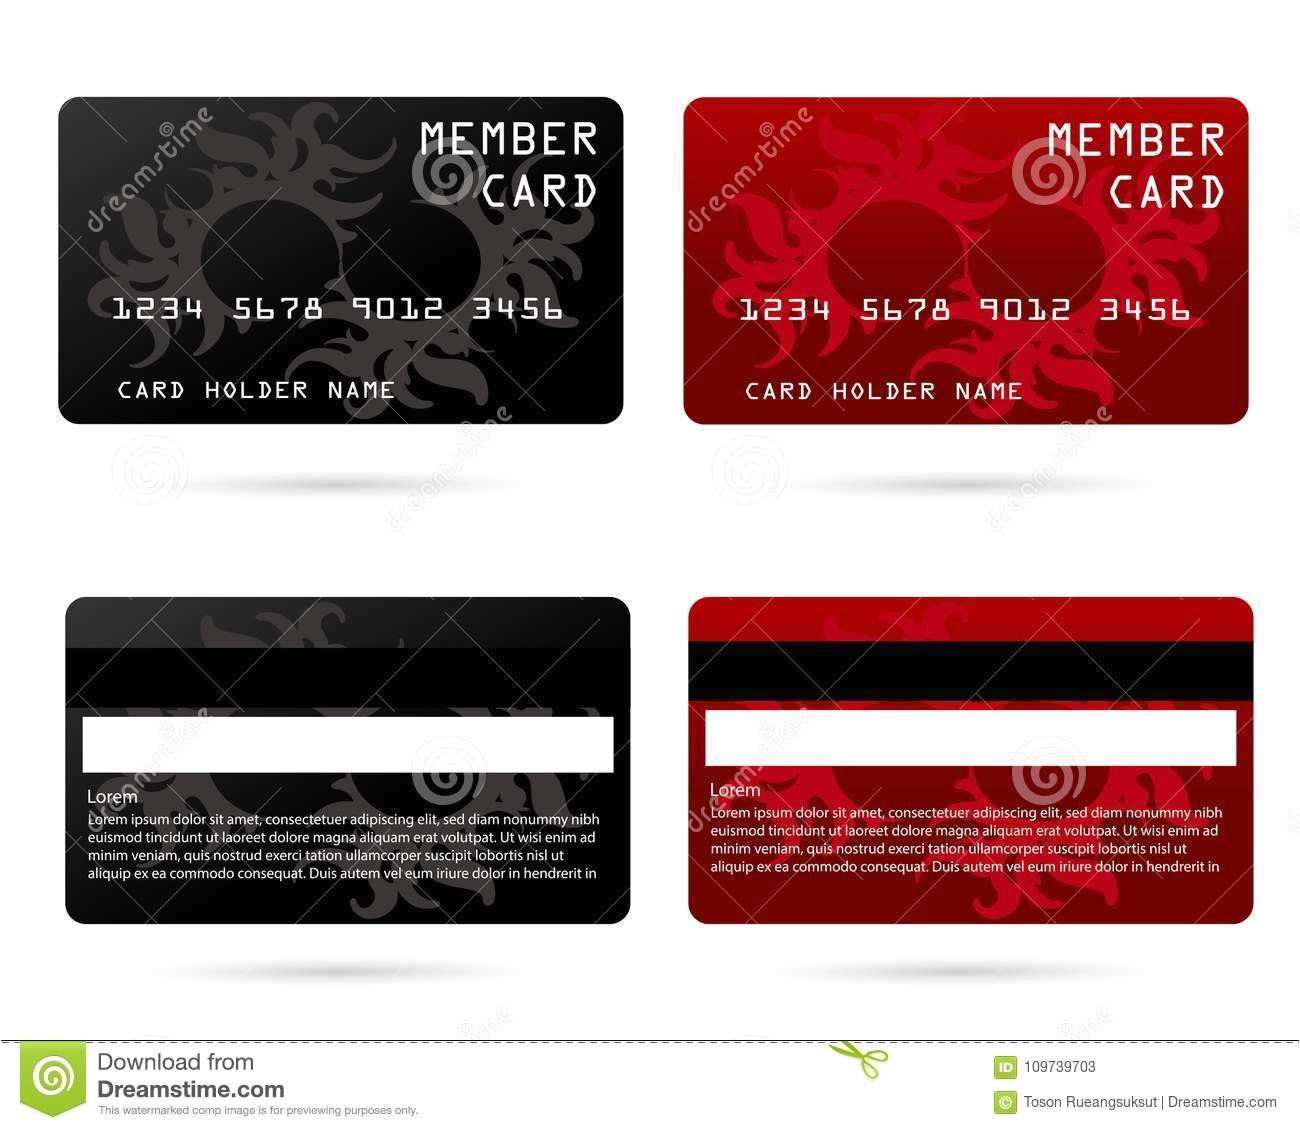 modern credit card business vip card design privilege member member card modern credit card business vip card member card 109739703 jpg
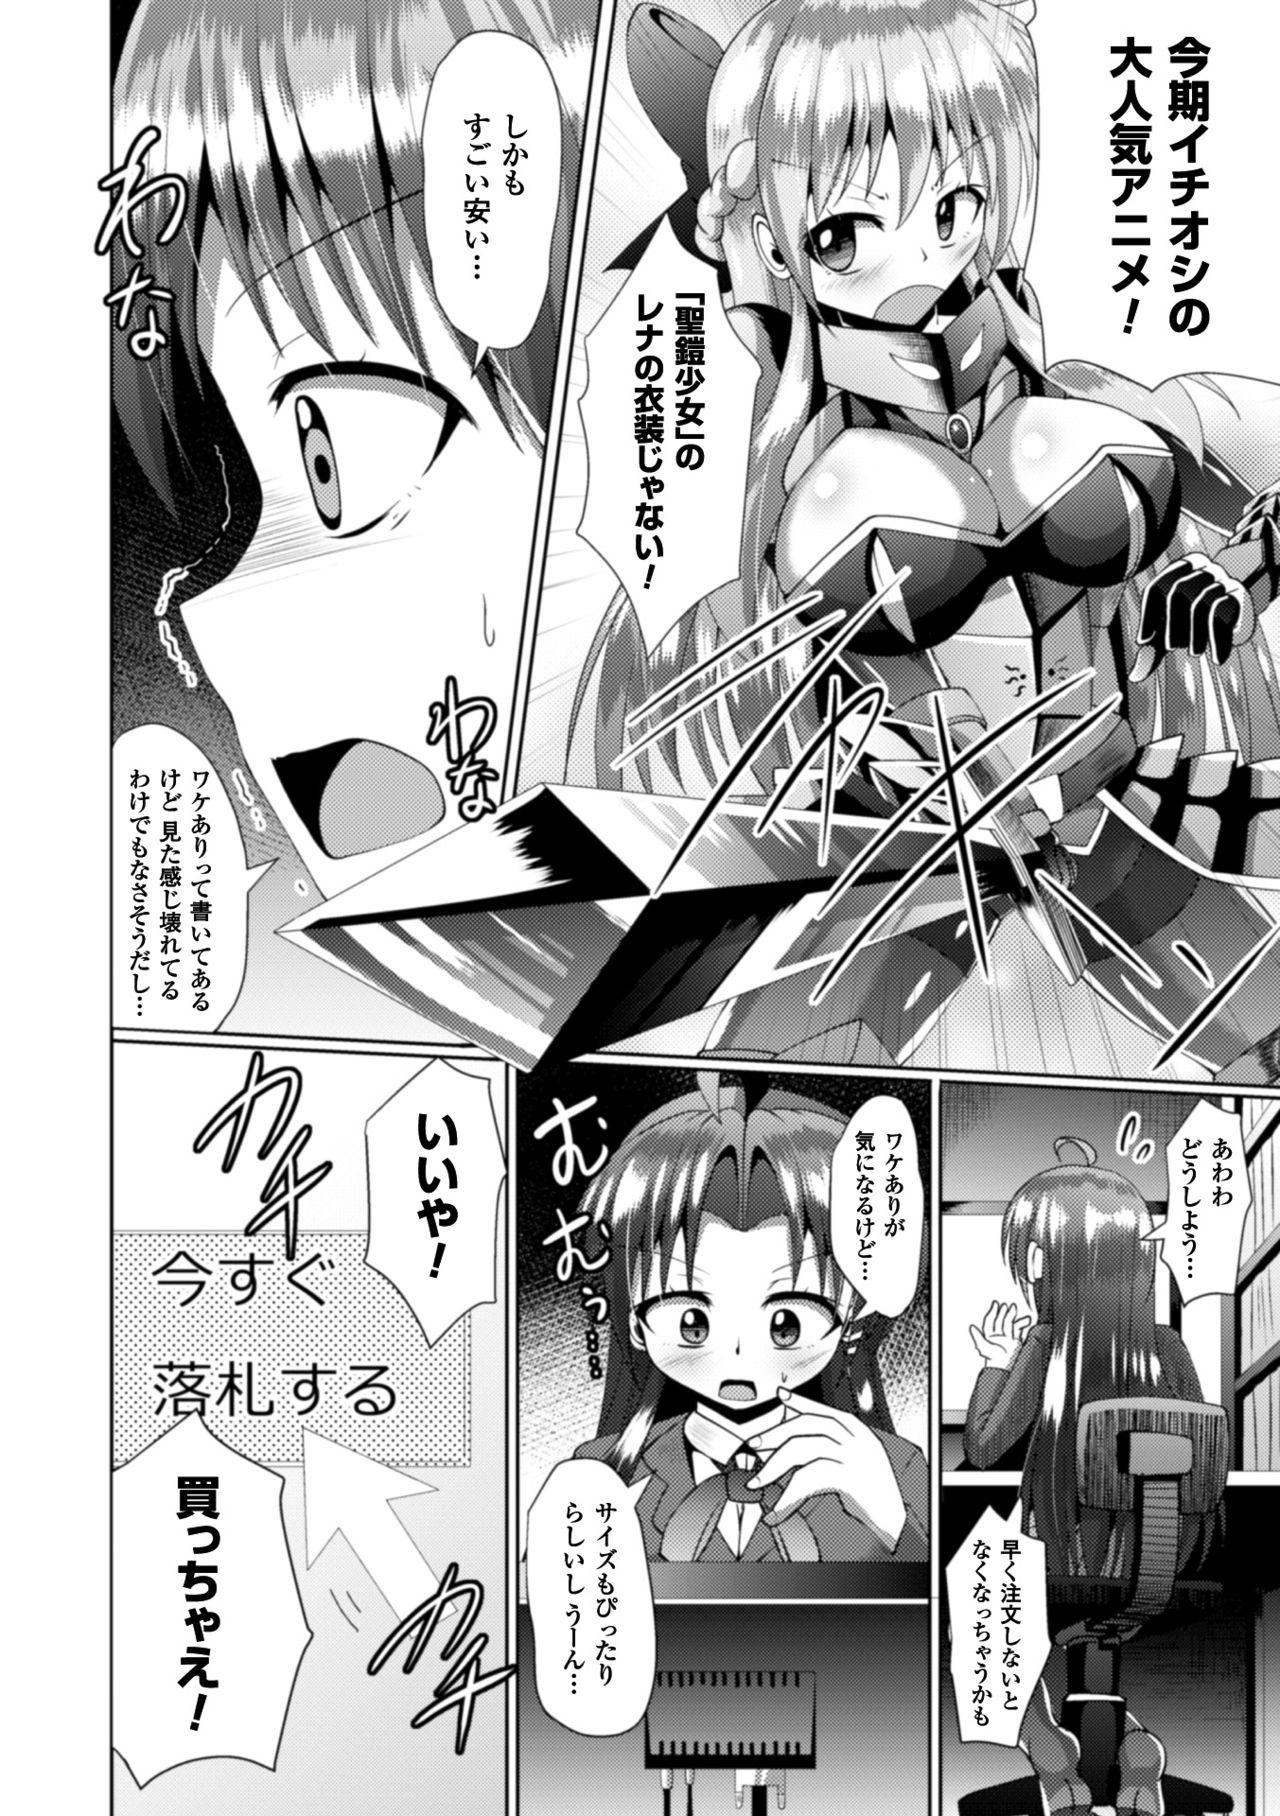 2D Comic Magazine Shokushu Yoroi ni Zenshin o Okasare Mugen Zecchou! Vol. 5 79
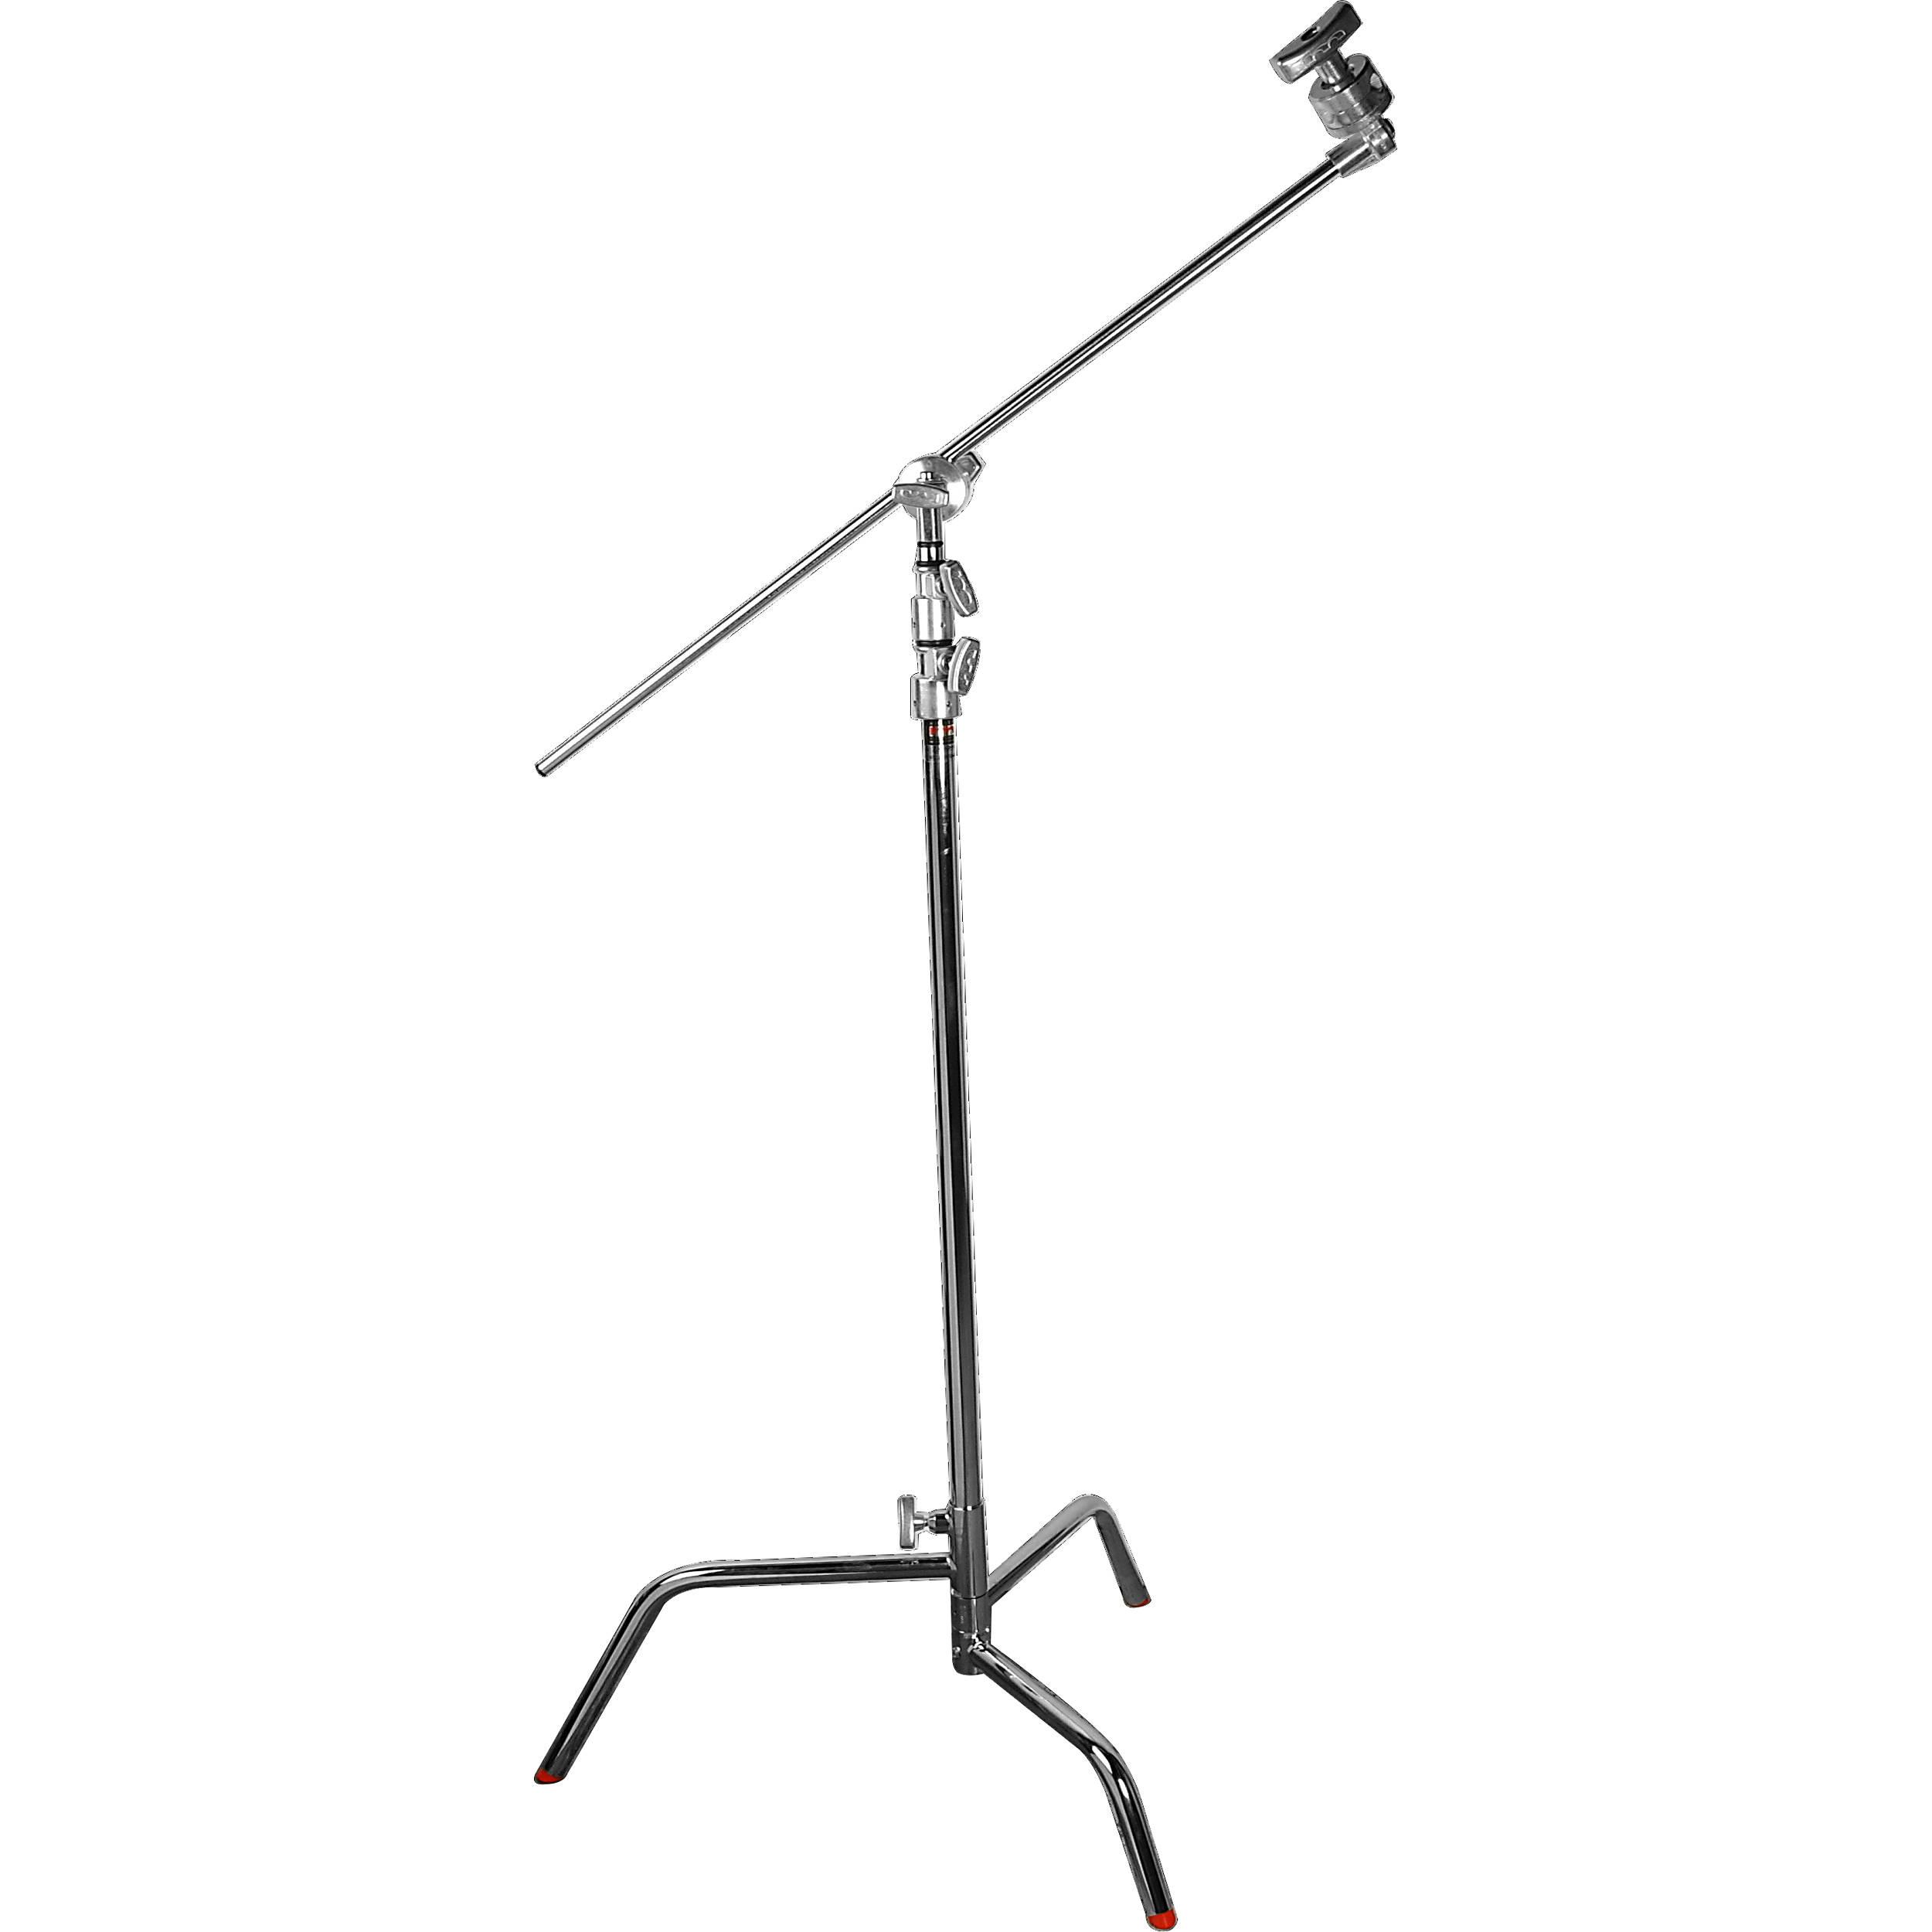 Heavy Duty C-Stand Century Stand Gobo Arm Grip Head Studio Lighting Sandbag Kit

**The problem:** Give back word for word the lines from the one containing "2D Comic Magazine" through the final line of the data above. Pictures are to be left out.

**Task solution:**
 2D Comic Magazine Shokushu Yoroi ni Zenshin o Okasare Mugen Zecchou! Vol. 5 79
 Heavy Duty C-Stand Century Stand Gobo Arm Grip Head Studio Lighting Sandbag Kit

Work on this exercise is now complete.